07 março 2020

Nem Portugal, nem Brasil: nossa verdadeira pátria é a língua portuguesa,

  O que quer, o que pode esta língua? Ah, pode nos encantar a todos e a todos seduzir, esta língua portuguesa, tão sonoramente gostosa, tão vária e tão bela, que encerra um “assombro vocálico em que os sons são cores ideais”, como definiu Bernardo Soares. Aliás, este escritor português, em meados do século passado, escreveu um texto que até hoje reverbera grandemente entre nós, habitantes dos países que têm o Português como língua materna. Decidido, com segurança, destemor e ousadia, no referido texto Bernardo nos diz que a ele pouco importava, que nada se lhe dava se um dia Portugal fosse invadido, se o solo lusitano fosse tomado por quem quer que fosse, porque sua única pátria era outra: a língua portuguesa. A esta não admitia, sob nenhuma hipótese, que tratassem com apedeutismo, insciência, incúria. Literal e literariamente assim nos asseveravou Bernardo Soares: “Não tenho sentimento nenhum político ou social. Tenho, porém, num sentido, um alto sentimento patriótico. Minha pátria é a língua portuguesa. Nada me pesaria que invadissem ou tomassem Portugal, desde que não me incomodassem pessoalmente.”    
Tanto tempo se passou e até hoje a mencionada frase é motivo de grandes burburinhos, discordâncias e de controvertidas análises, tanto mais por sabermos que Bernardo Soares é outro dos muitos heterônimos utilizados pelo escritor Fernando Pessoa, dos quais se valia para dizer o que lhe ia na sua rica alma de poeta, escritor e intelectual. 
Grandes escritores e poetas portugueses ensinaram a nós, do Brasil, a amar o idioma que um dia nos chegou a bordo de caravelas lusitanas. Através dele, talentosos escritores, cantores, compositores. cineastas e atores brasileiros se expressam, se manifestam por palcos, telas, recantos do mundo todo, encantando plateias de idiomas diversos e ampliando enormemente a força e a glória que esta língua encerra.   
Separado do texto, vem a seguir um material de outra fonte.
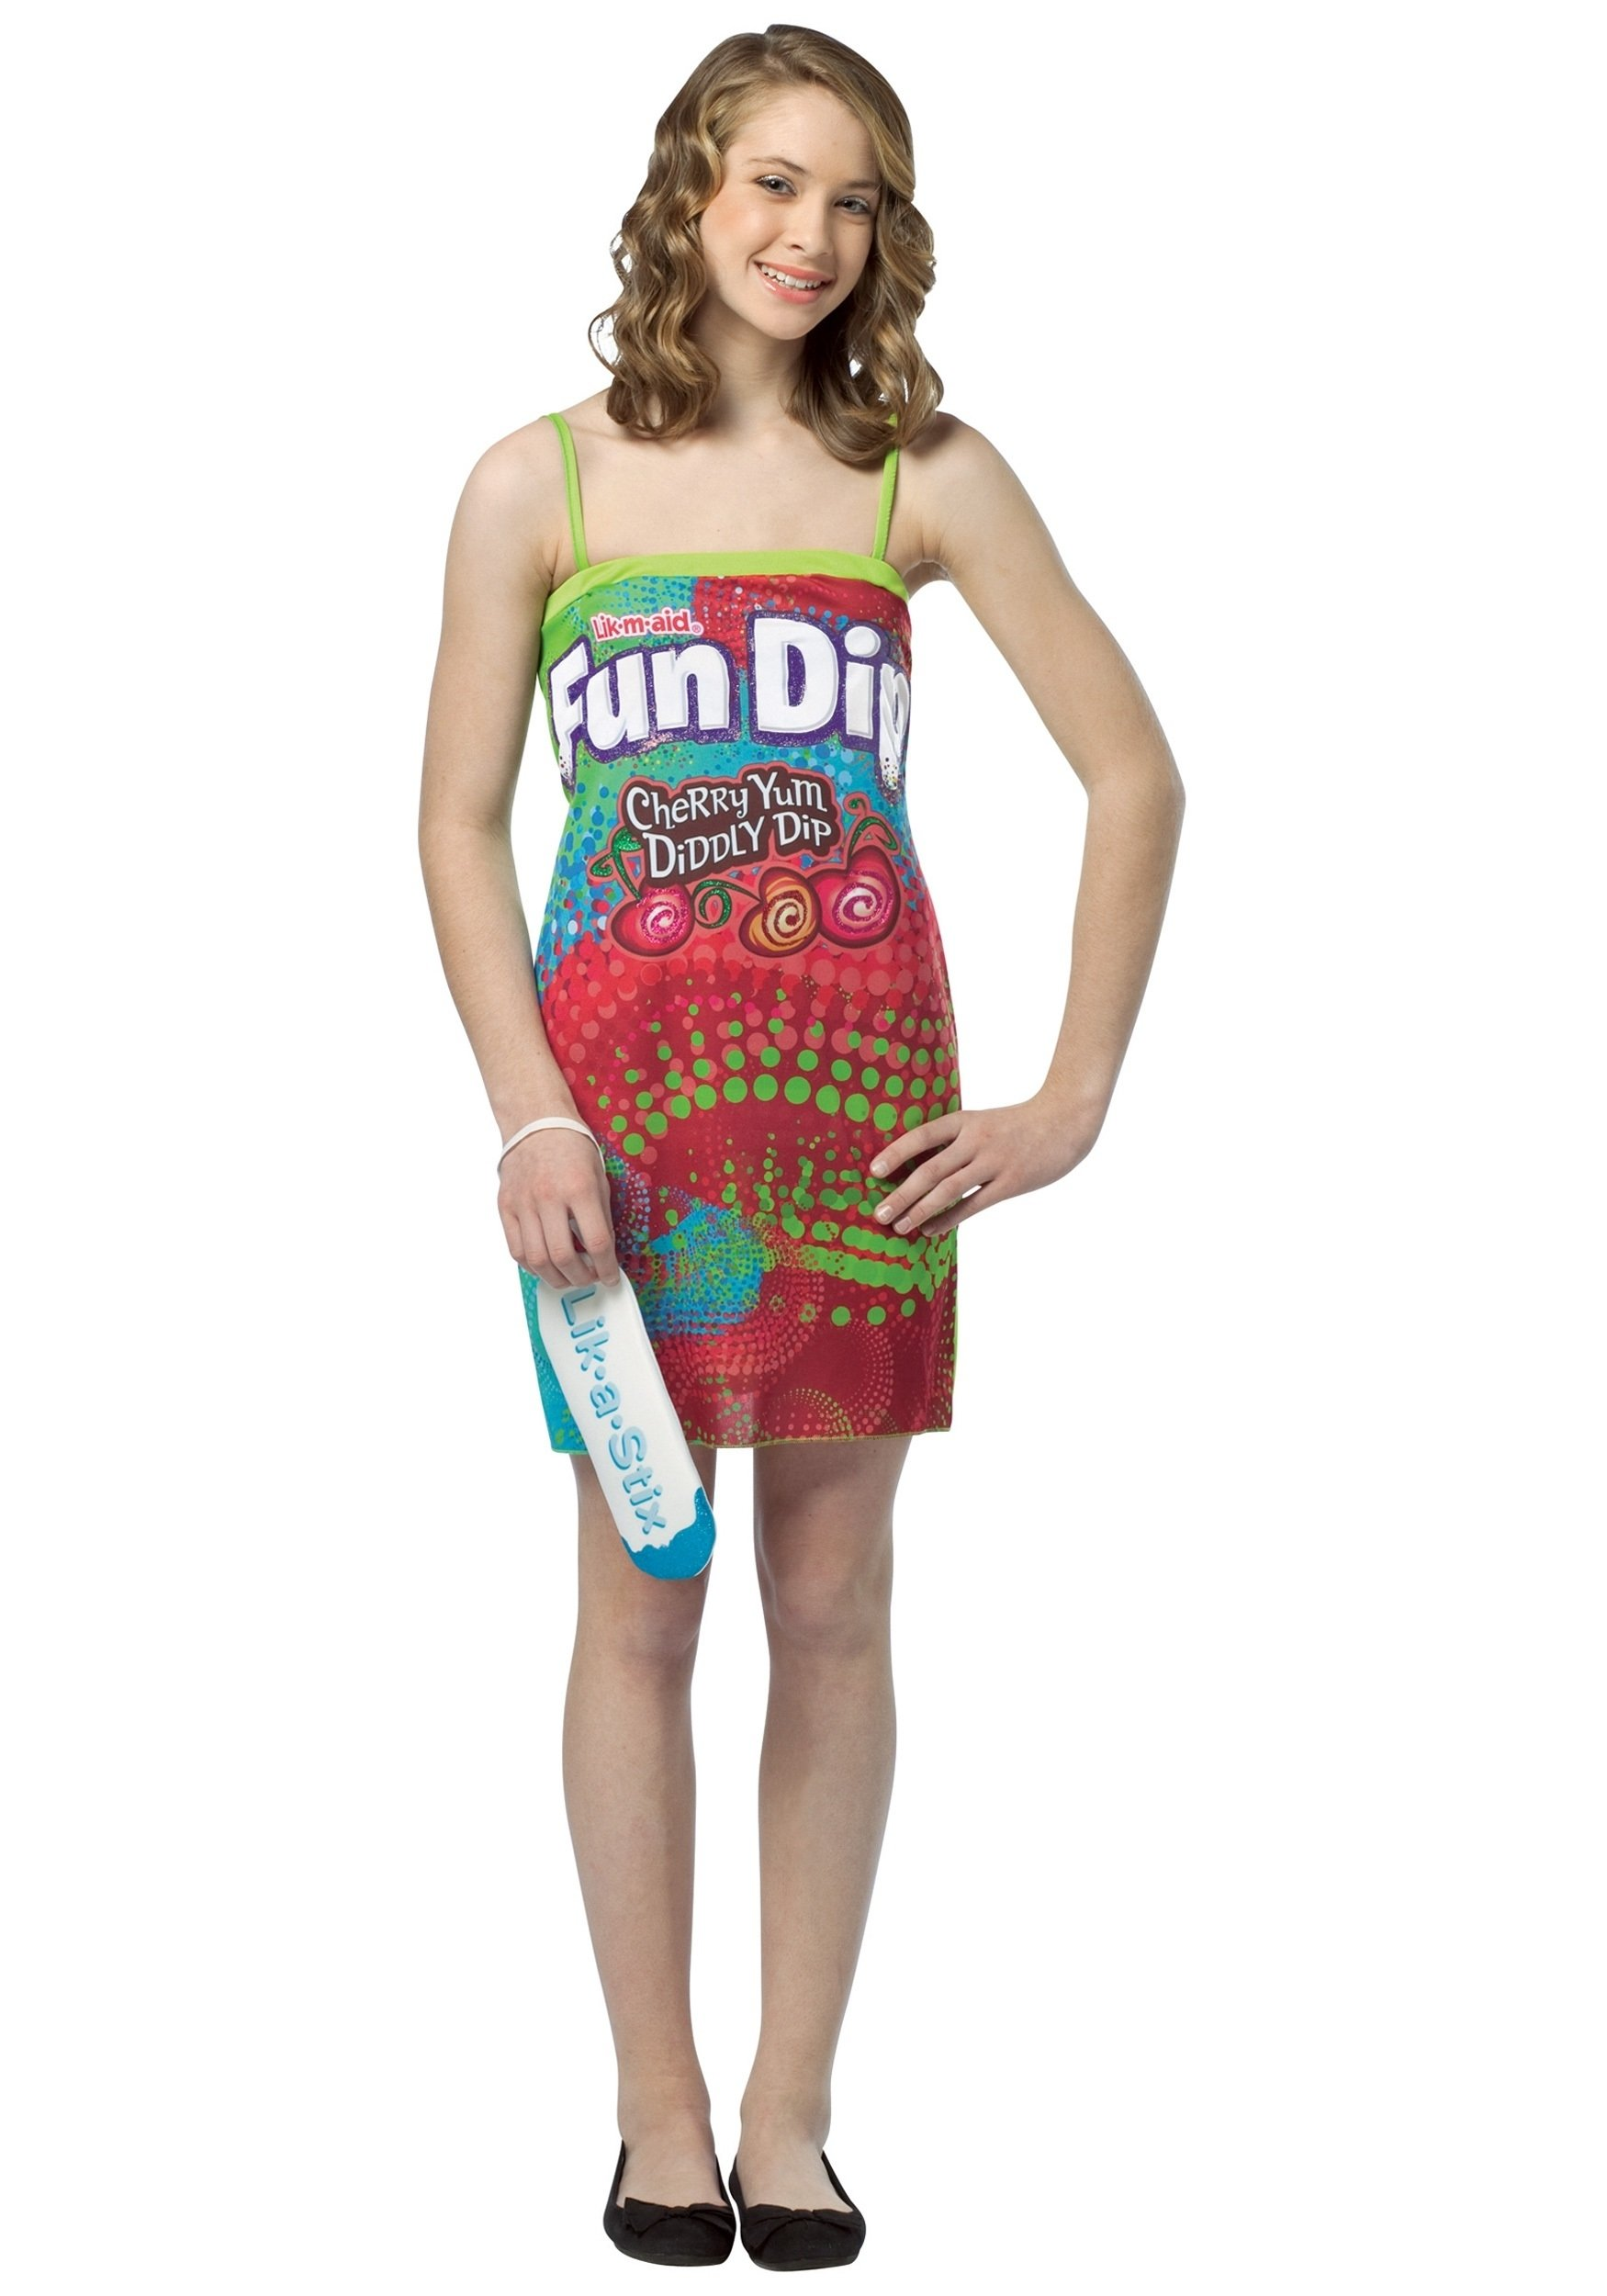 10 Ideal Cool Costume Ideas For Girls teen fun dip dress halloween pinterest teen fun fun dip and 10

Passados mais de 500 anos, no Brasil a língua portuguesa foi criando uma forma própria de ser, aqui se permitindo todas as influências e mudanças possíveis. Hoje, nosso idioma comporta galicismos, anglicanismos, neologismos e influências as mais diversas, temos diferenças na forma de falar de acordo com cada região deste país tão extenso, erros acolhidos e incorporados, gírias inumeráveis que sempre se renovam. Nesses tempos de globalização, a cultura brasileira, por sua criatividade e força comunicativa, se faz conhecida em diversos países do mundo. Em parte, isso se deve à internet e ao veículo TV, notadamente às novelas feitas por aqui, uma febre em muitos países há dezenas de anos. Em Portugal, Angola, Moçambique e em países outros, os habitantes locais tomam conhecimento e terminam mesmo adotando as gírias, o gestual, o vocabulário, este modo de falar exuberante, pontuado pela irreverência do povo brasileiro, um modo bem pouco restrito a normas e dogmas idiomáticos. Assim nos expressamos nós, nativos desta terra que um dia Cabral encontrou dando sopa, dando mole, dando a maior bobeira aqui pelos trópicos. Desta nossa maneira de falar o Português, melhor não pensar o que poderiam dizer Luís de Camões, Eça de Queiroz e o Padre António Vieira. Muito menos o que pensariam e diriam Bernardo Soares, autor da tão polêmica frase, e Fernando Pessoa. Estes dois, aliás, ainda que em alguns pontos pudessem divergir entre si, certamente teriam opiniões semelhantes e bem pouco lisonjeiras sobre este modo que muitas vezes nós, brasileiros, usamos para falar e escrever esta tão amada língua portuguesa.